Natasha Cuddington was born in Saskatchewan. Her translations, essays and reviews have appeared variously. In 2017, she was announced as the recipient of the Ireland Chair of Poetry Bursary . An assistant editor of Cyphers , her début poetry collection, Each of us (our chronic alphabets) was published by Arlen House in 2018. Together with Ruth Carr, she co-edited the anthology Her Other Language: Northern Irish Women Writers Address Domestic Violence and Abuse (Arlen House: 2020).
Sasha de Buyl is a literature development professional who works nationally and internationally to share the joy of books and reading. They were the Director of Cúirt International Festival of Literature in Galway from 2019 – 2022 and prior to this managed Scottish Books International , developing projects and partnerships for Scottish literature overseas. Sasha spent two years working as Literature Officer at Creative Scotland , and five years managing reader development projects, including the programme for Book Week Scotland , while at Scottish Book Trust. Over their career, they have held roles with Stanza International Poetry Festival , Edinburgh International Book Festival and Aye Write Book Festival in Glasgow. They are currently Literature and Ideas Programmer at International Literature Festival Dublin and a board member of GAZE : Dublin’s International LGBTQ Film Festival.
Neil Hegarty grew up in Derry. His novels include The Jewel , described by the Irish Times as ‘a vital book for our time’, and Inch Levels , which was shortlisted for the Kerry Group Novel of the Year award in 2017. Neil’s non-fiction titles include Frost: That Was the Life That Was, a biography of David Frost; The Secret History of our Streets, which tells the story of twentieth-century London; and The Story of Ireland, which accompanies the BBC television history of Ireland. His essays and short fiction have appeared in the Dublin Review , Stinging Fly , Tangerine and elsewhere; he is a regular literary reviewer with the Irish Times ; and is co-editor with Nora Hickey M’Sichili of the essay collection Impermanence , published by No Alibis and recently adapted for radio by RTÉ . Neil lives in Dublin.

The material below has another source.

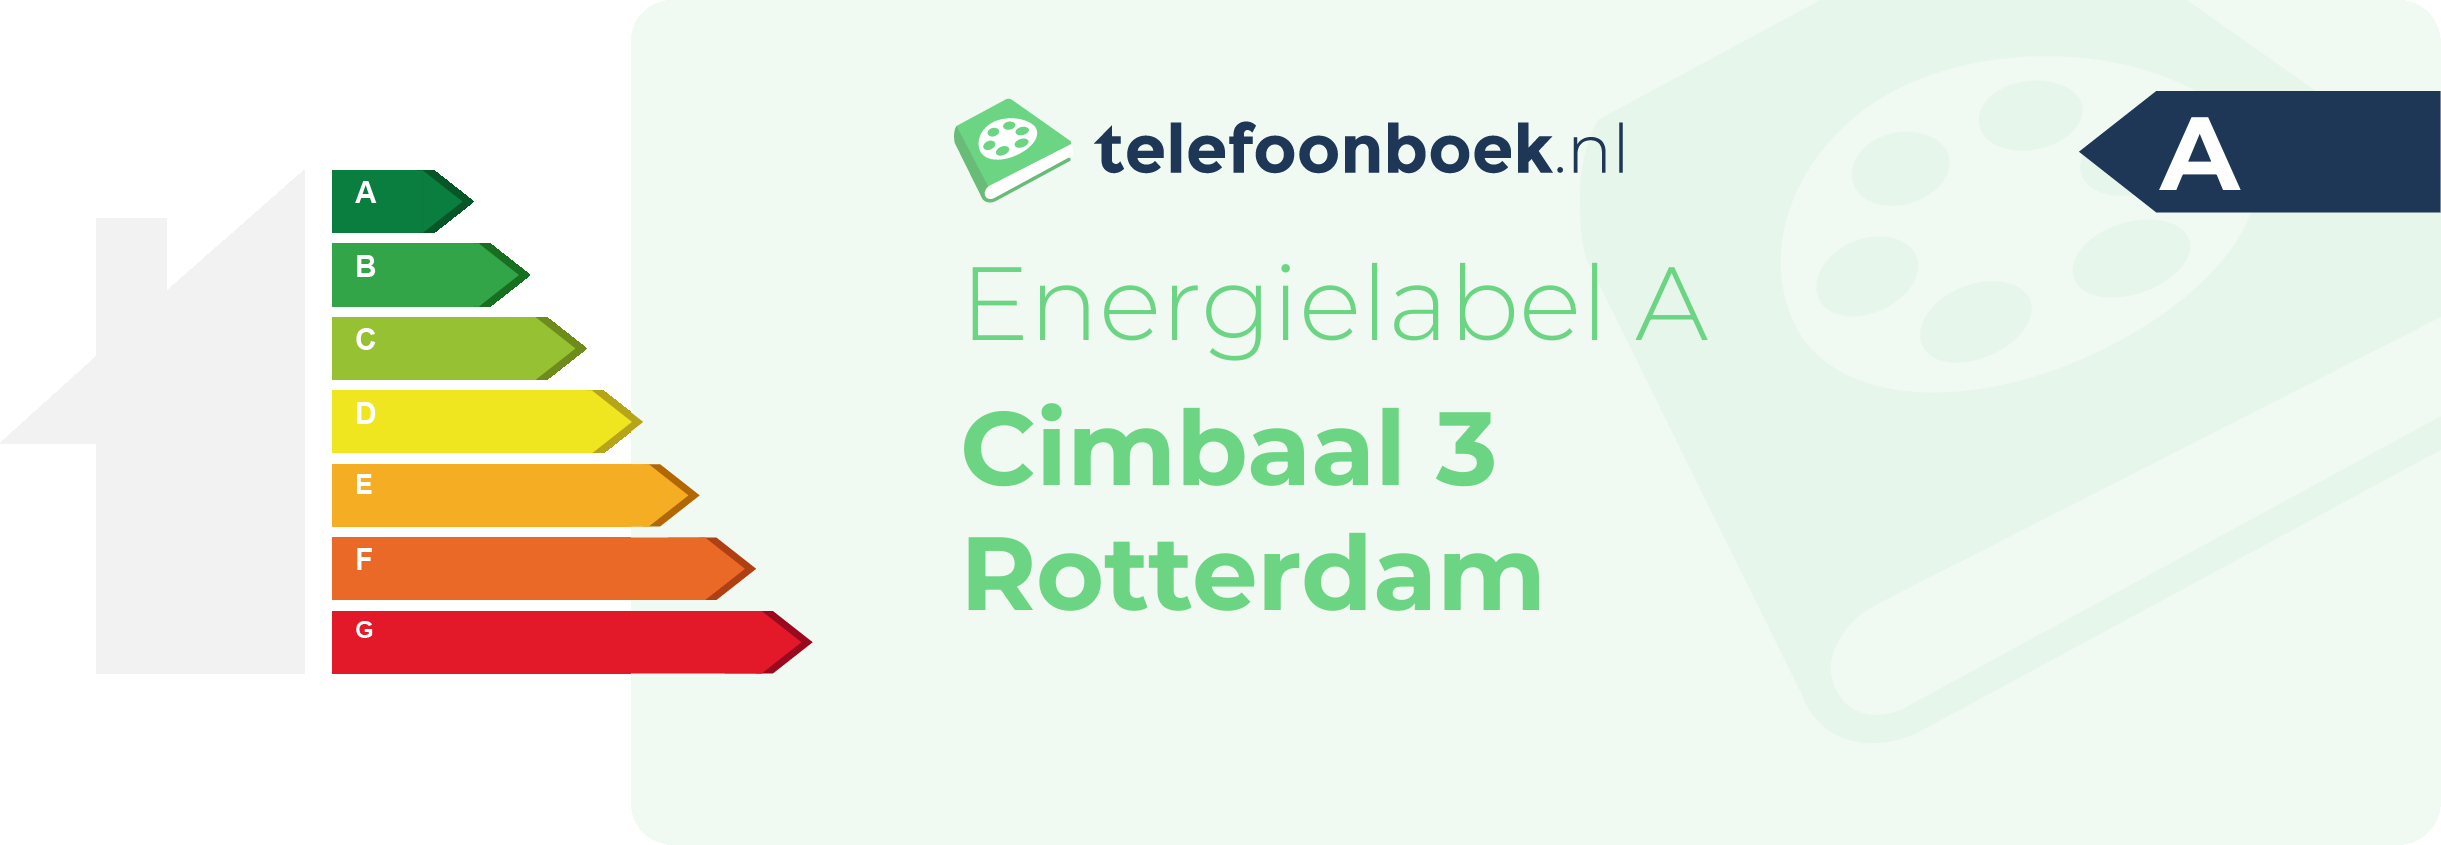 Energielabel Cimbaal 3 Rotterdam

Mícheál McCann is a poet from Derry. His poems have appeared in The Poetry Review , The Stinging Fly and Poetry Ireland Review . He has published pamphlets of poems, most recently Waking Light (Skein Press) and Keeper (14publishing). He was a co-editor of Hold Open the Door (UCD Press), Trumpet (Poetry Ireland) and is a founder and editor of Outburst Arts’ catflap magazine. He lives in Belfast where he is completing a PhD in the Seamus Heaney Centre for Poetry.